В-третьих, ключевую роль в демократизации отдельных стран способно сыграть влияние со стороны тех или иных иностранных государств и/или международных организаций. Международное воздействие на внутриполитические процессы может осуществляться с позиции силы – так, демократизация Западной Германии и Японии после Второй мировой войны была фактически навязана США и их союзниками. Но следует иметь в виду, что «навязанная извне» демократизация не всегда успешна – опыт Ирака после американского вторжения и свержения режима Саддама Хусейна в 2003 году в этом плане выглядит, как минимум, противоречивым. В период «холодной войны» противостояние на мировой арене СССР и США, скорее, препятствовало демократизации ряда стран Третьего мира – обе мировые сверхдержавы, напротив, выступали в роли своего рода «черных рыцарей», покровительствовавших подчас самым одиозным авторитарным лидерам, готовым присягнуть на верность своим зарубежным патронам в обмен на поддержку с их стороны (можно вспомнить известную фразу о никарагуанском диктаторе Сомосе: «это сукин сын, но он наш сукин сын»). Но после окончания «холодной войны» политический климат в мире кардинально изменился – многие авторитарные режимы, особенно репрессивные, подвергались все большему осуждению, в то время как демократические «правила игры» по мере распространения демократии все чаще становились общепризнанной нормой. Дело здесь не столько в том, что неприкрытый авторитаризм уже вышел из мировой политической моды, сколько в том, что в современных условиях все более открытого и глобализирующегося мира сохранять неизменными свои диктаторские режимы на протяжении долгого периода удается либо странам, обладающим большими объемами природных ресурсов (как, например, государствам Персидского залива), либо странам, способным опираться на поддержку нынешних «черных рыцарей» (в этой роли все чаще выступает Китай, а на постсоветском пространстве – и Россия). Авторитарным режимам приходится приспосабливаться к меняющейся обстановке в мире, прилагая немало усилий для создания и поддержания «фасада», напоминающего демократические институты и призванного замаскировать суть диктатур, – такие режимы характеризуют как соревновательный, или электоральный авторитаризм[50].
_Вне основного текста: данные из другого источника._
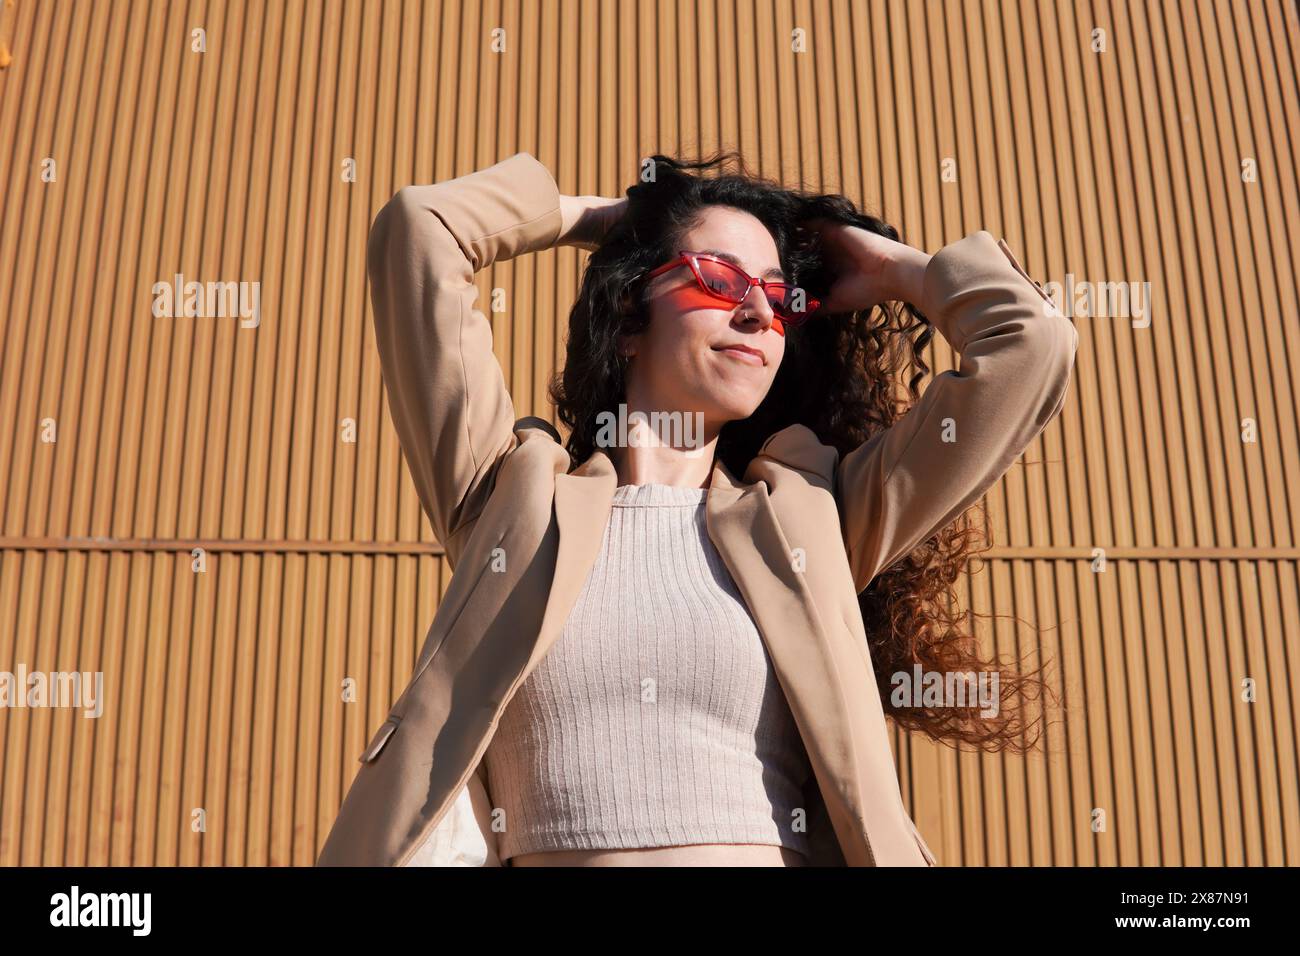 Woman with curly hair wearing red sunglasses on sunny day Stock Photo

Главным механизмом международного влияния на демократизацию сегодня выступает привлекательность развитых демократий (для которых также характерен высокий уровень социально-экономического развития и верховенства права) как своего рода нормативных образцов для подражания. Авторитарным режимам не так легко противопоставить этим идеалам альтернативы, привлекательные в глазах элит и общества в целом. Поэтому чем более развиты и устойчивы экономические, торговые, информационные, миграционные и образовательные взаимосвязи (linkages) между теми или иными авторитарными странами, с одной стороны, и США и Европейским Союзом, с другой, тем меньше шансов у их режимов на выживание в среднесрочной перспективе. В свою очередь, США и Европейский Союз оказывают на эти страны целенаправленное воздействие, используя рычаги влияния (leverages) в форме финансовой помощи, консультаций, программ содействия развитию и т. д.[51]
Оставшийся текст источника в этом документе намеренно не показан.